____ Supplied records

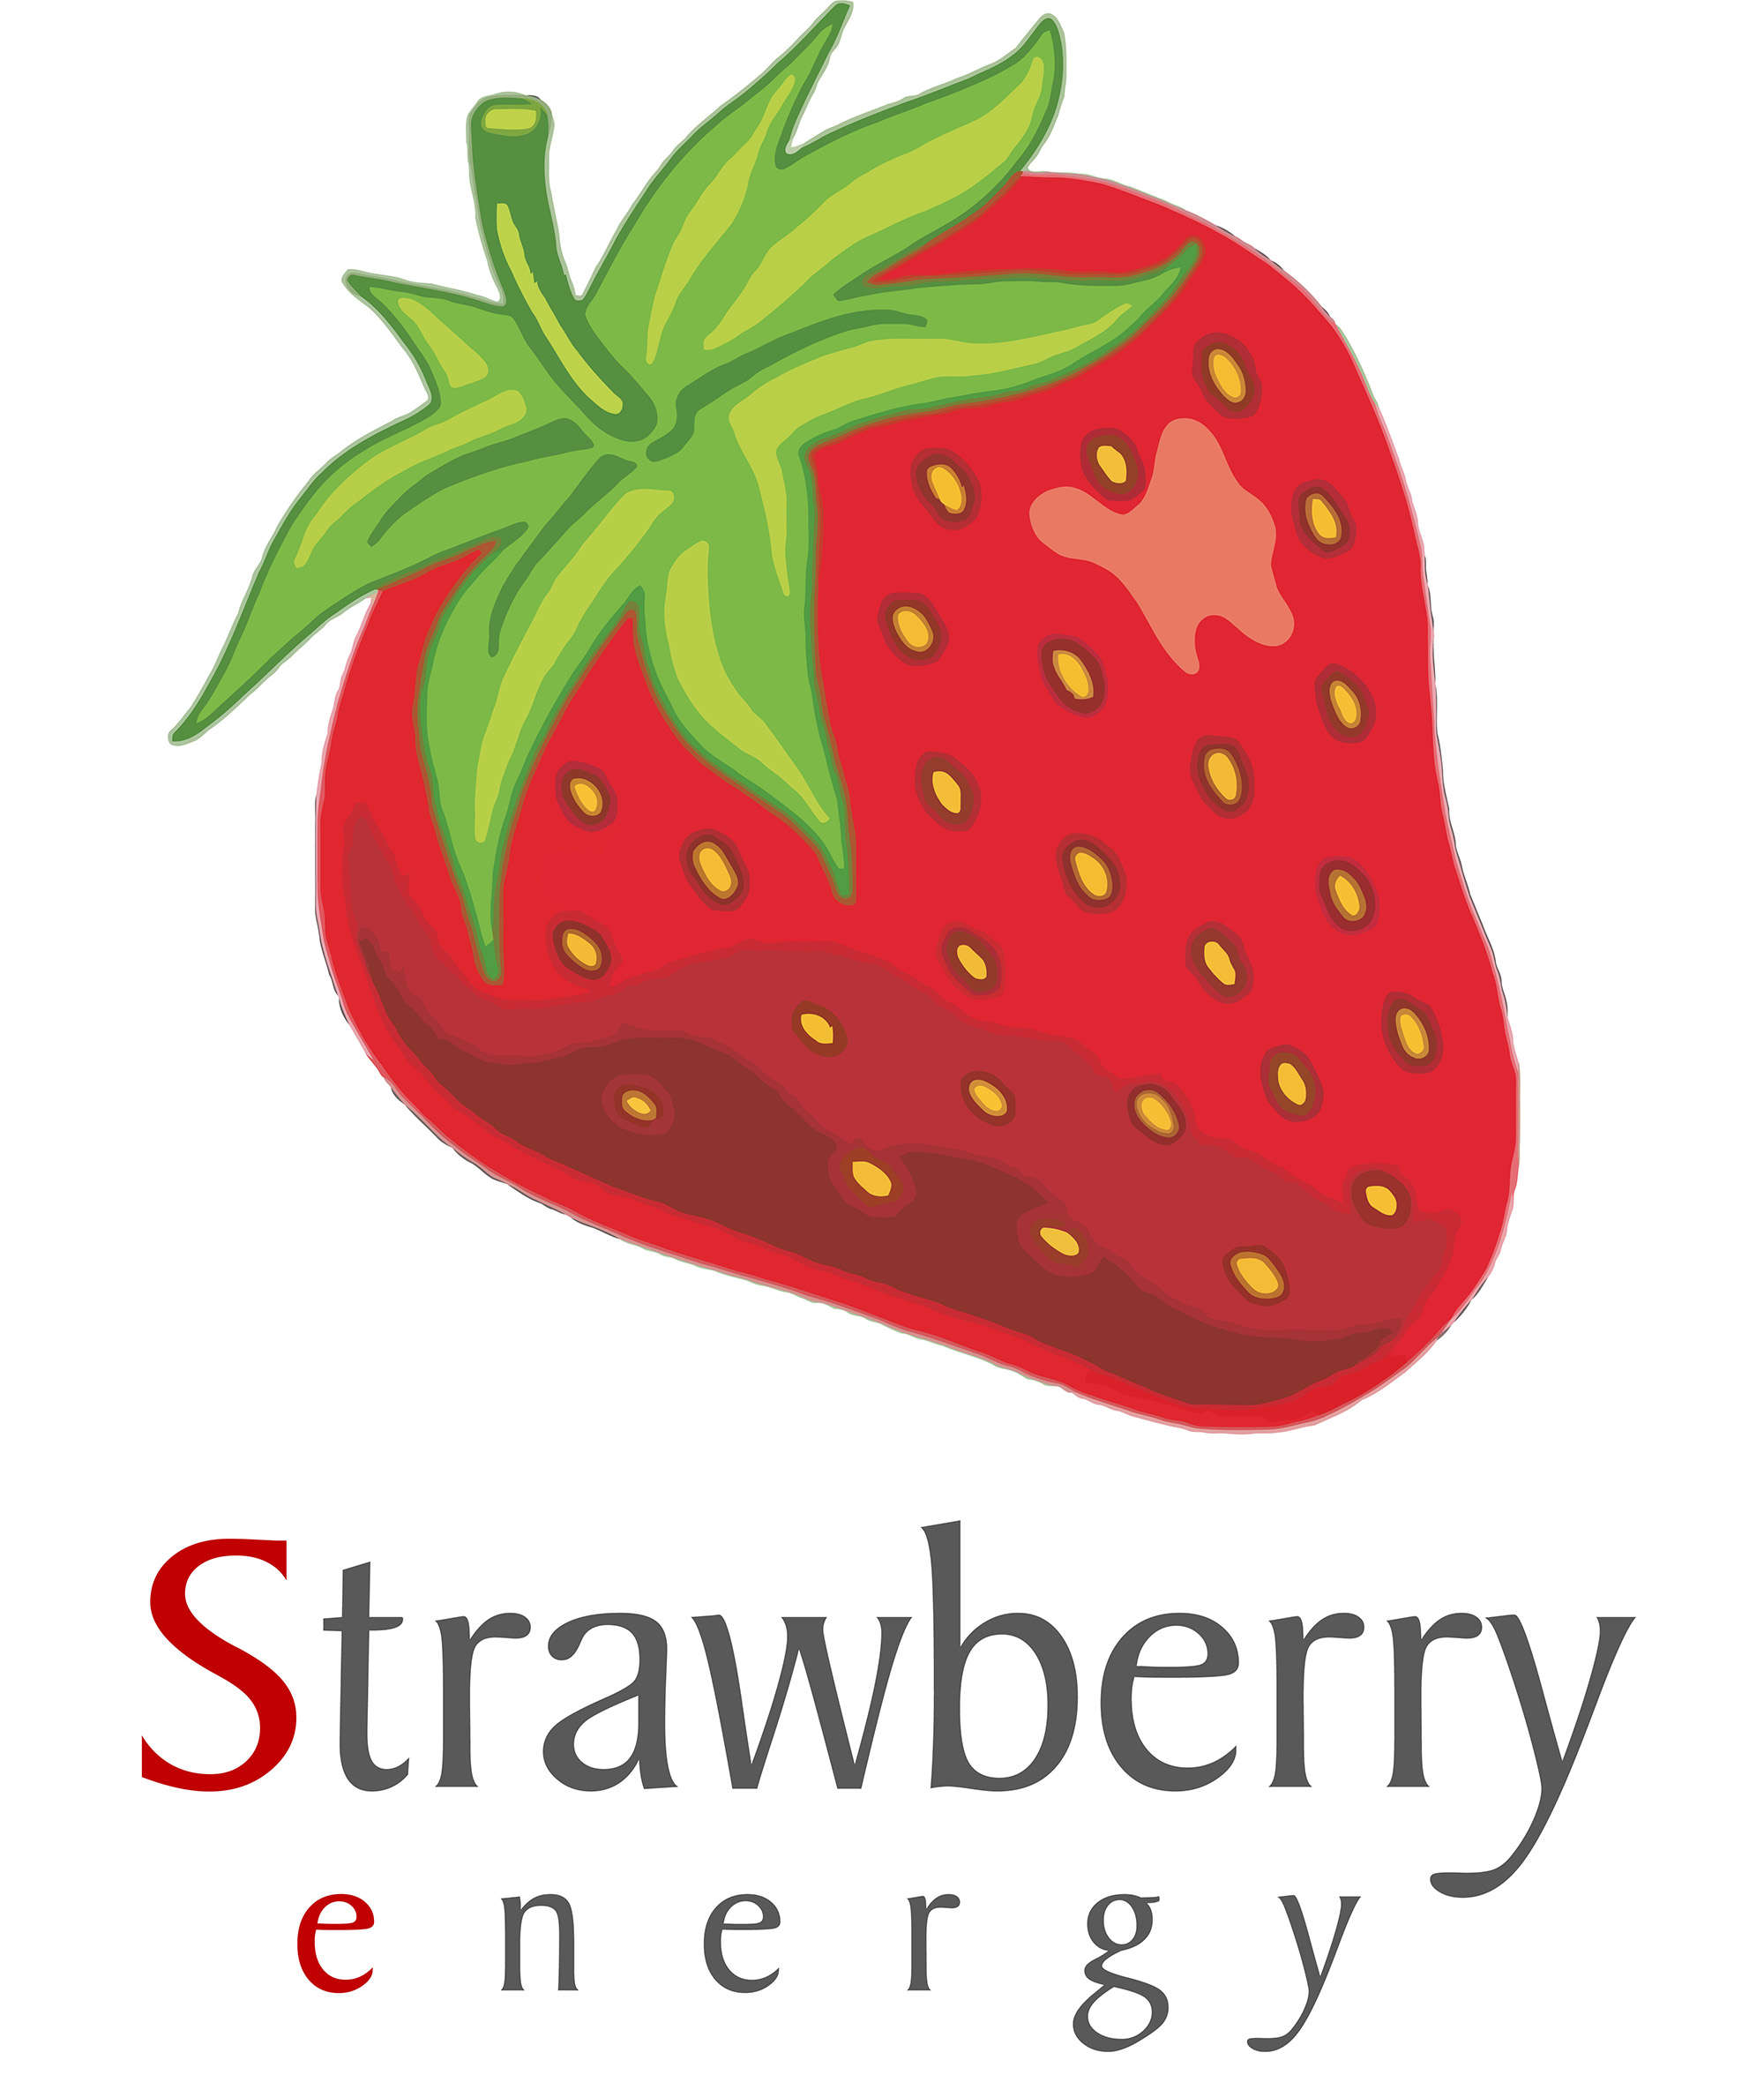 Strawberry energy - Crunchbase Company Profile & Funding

________
____ Supplied records

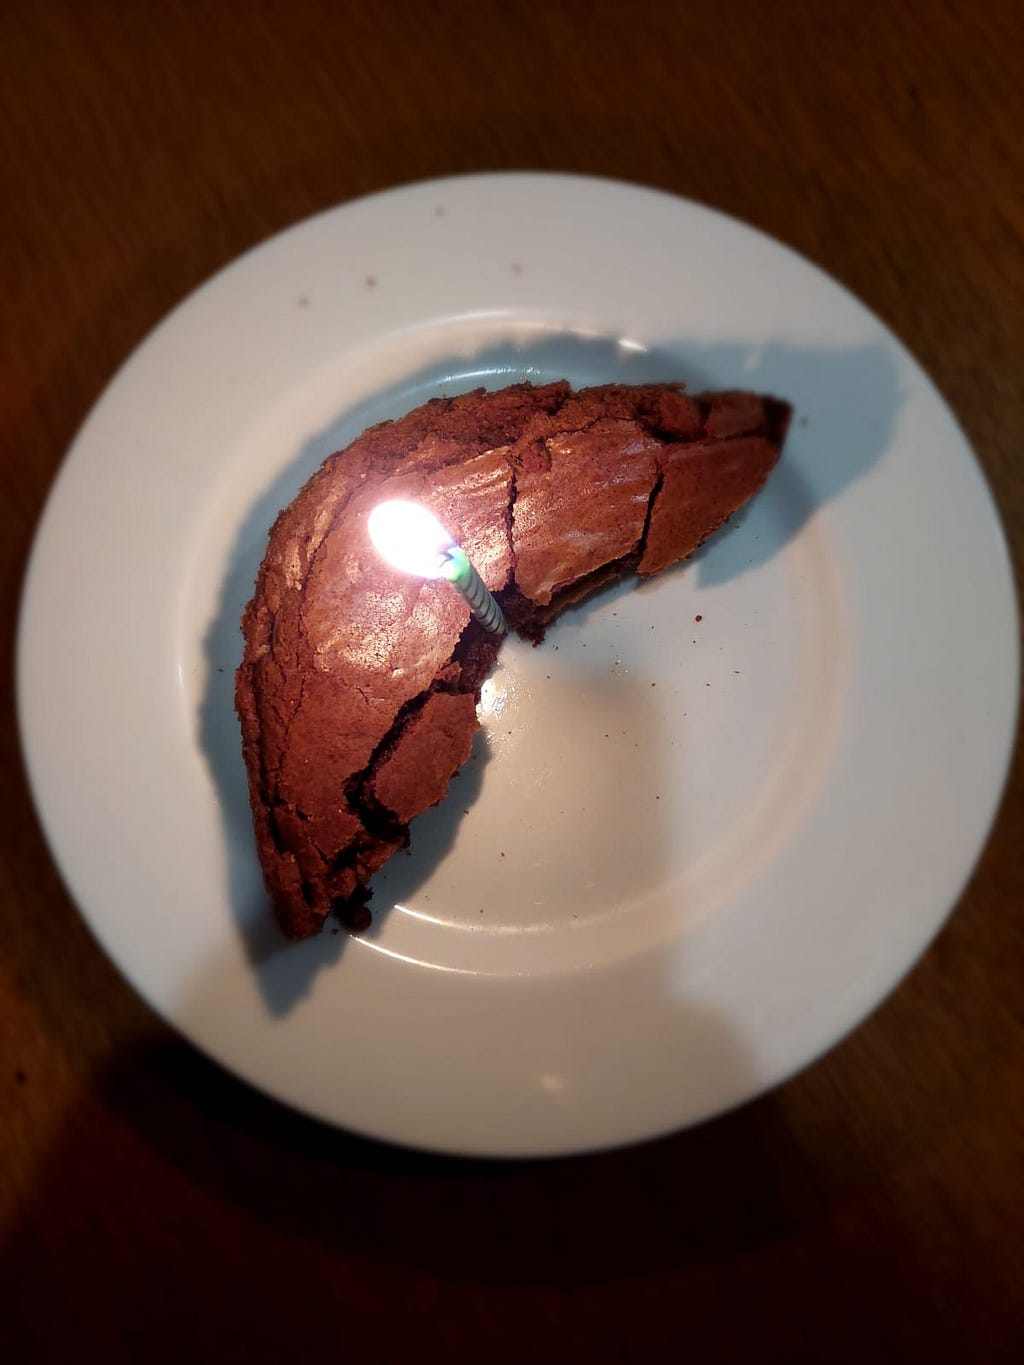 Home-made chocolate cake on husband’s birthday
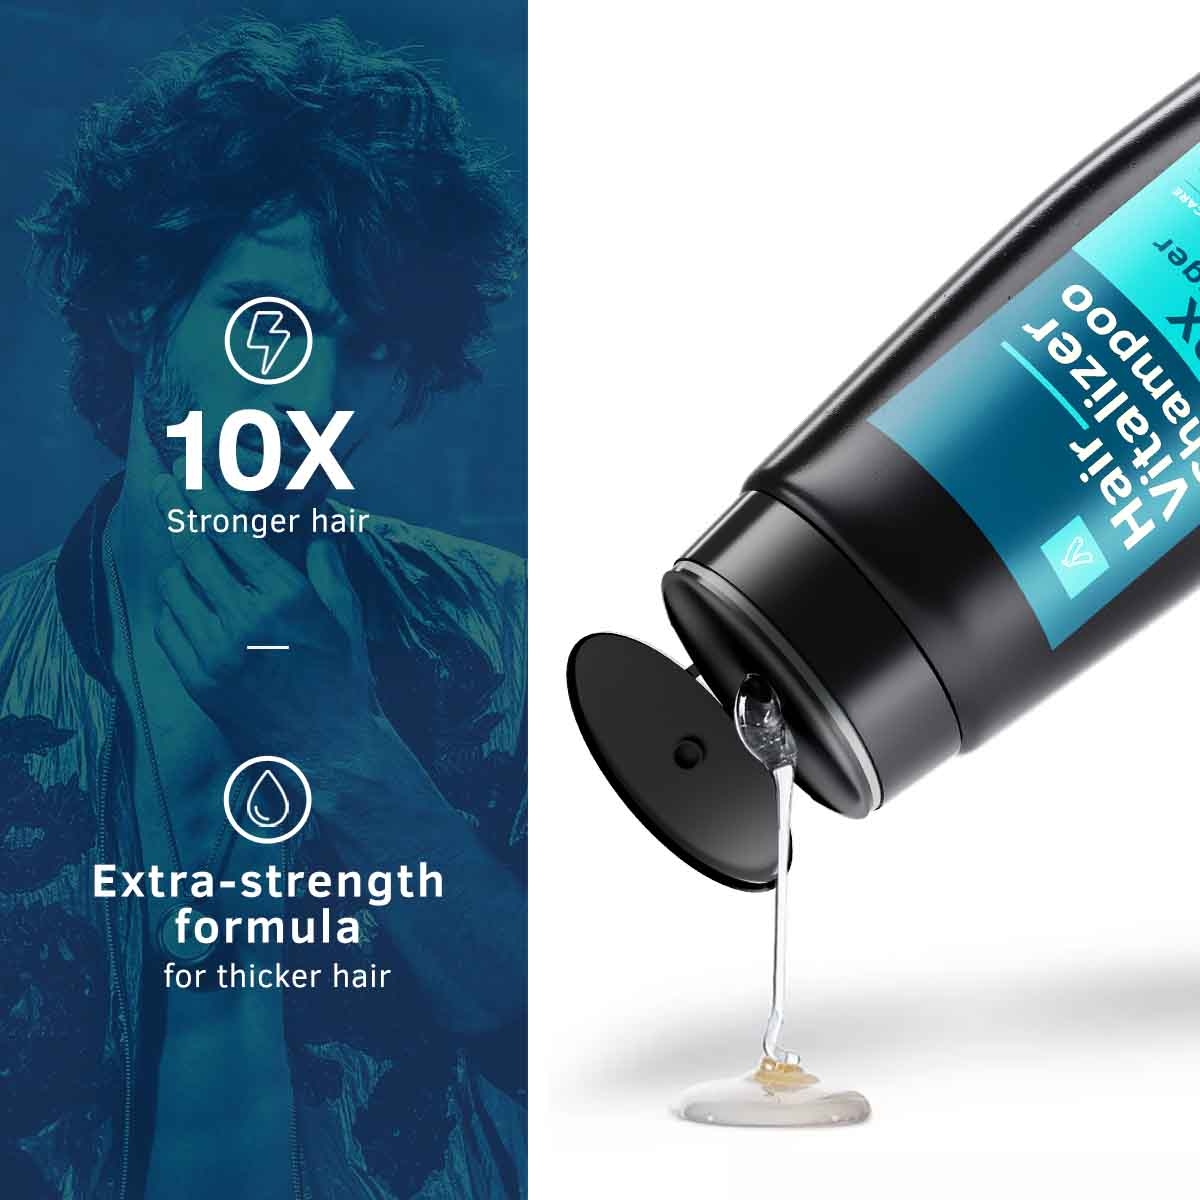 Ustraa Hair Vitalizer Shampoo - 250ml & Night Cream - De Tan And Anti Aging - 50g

________
____ Supplied records

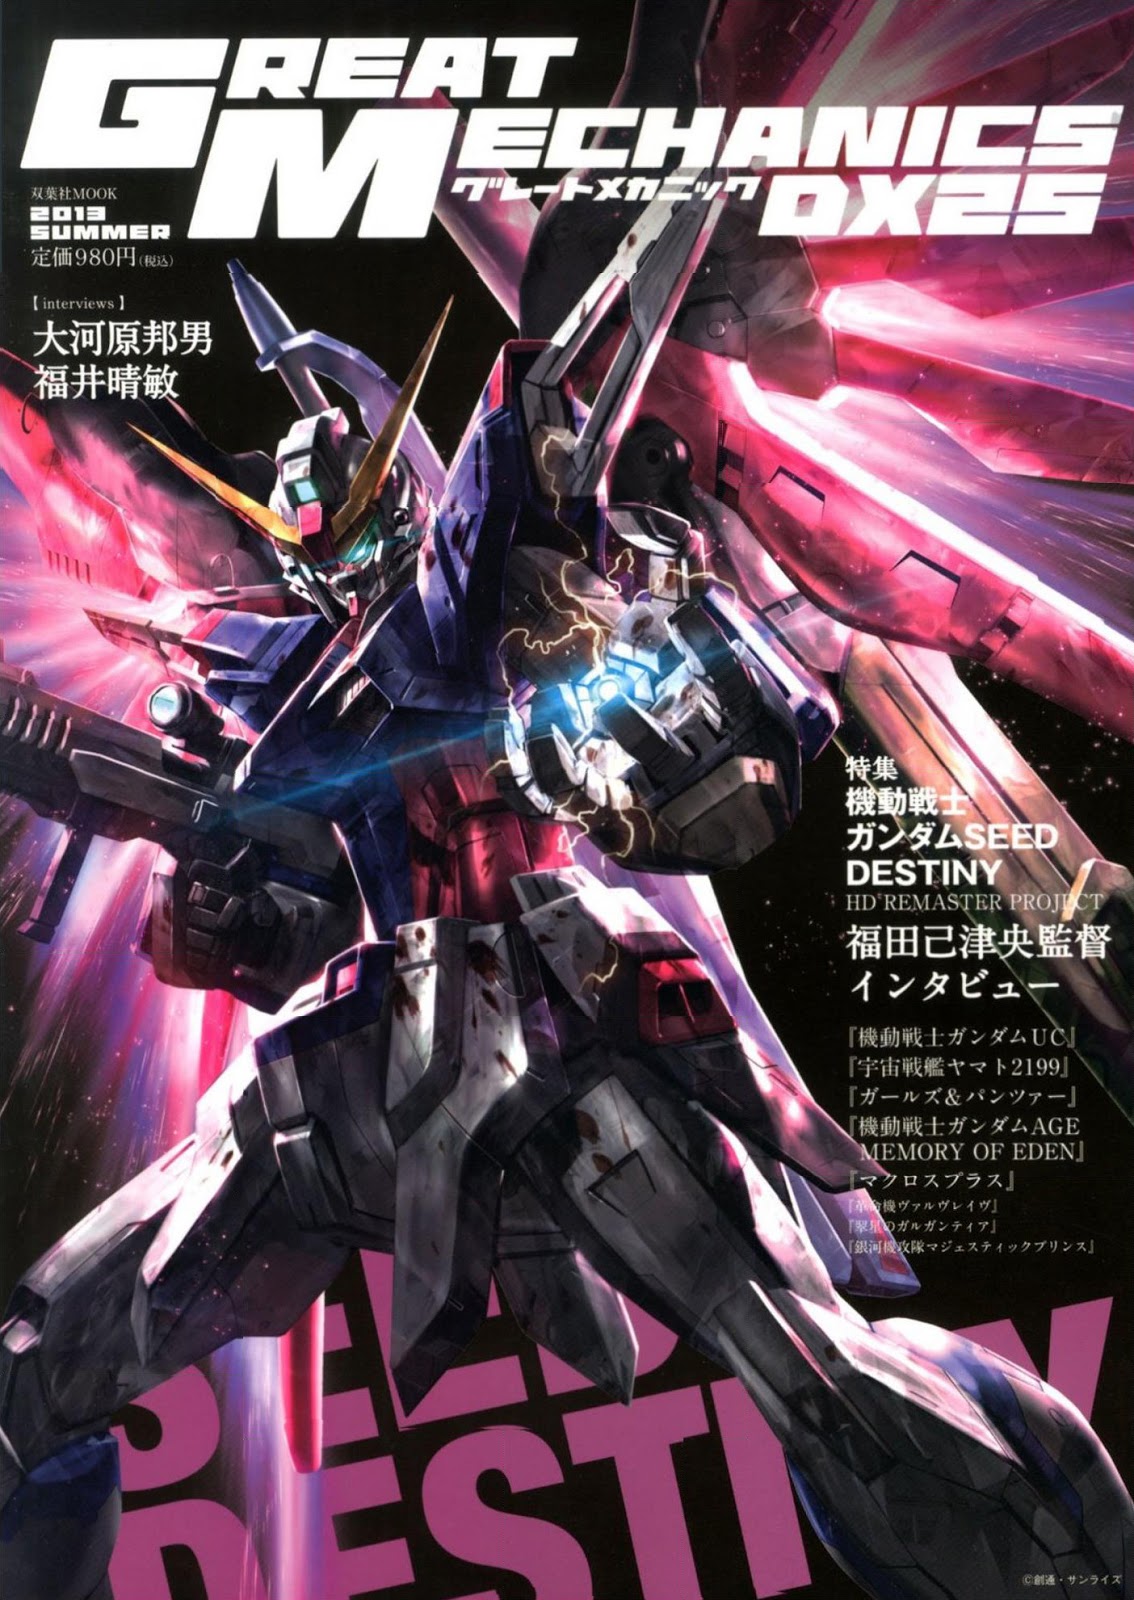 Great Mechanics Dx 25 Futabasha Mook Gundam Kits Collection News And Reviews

________

Work to complete —
Once the line with "Home-made chocolate cake" has been found above, output that line and every later line exactly, stopping after the line with "Ustraa Hair Vitalizer", and omit the pictures.

Exercise response —
 Home-made chocolate cake on husband’s birthday
 Ustraa Hair Vitalizer Shampoo - 250ml & Night Cream - De Tan And Anti Aging - 50g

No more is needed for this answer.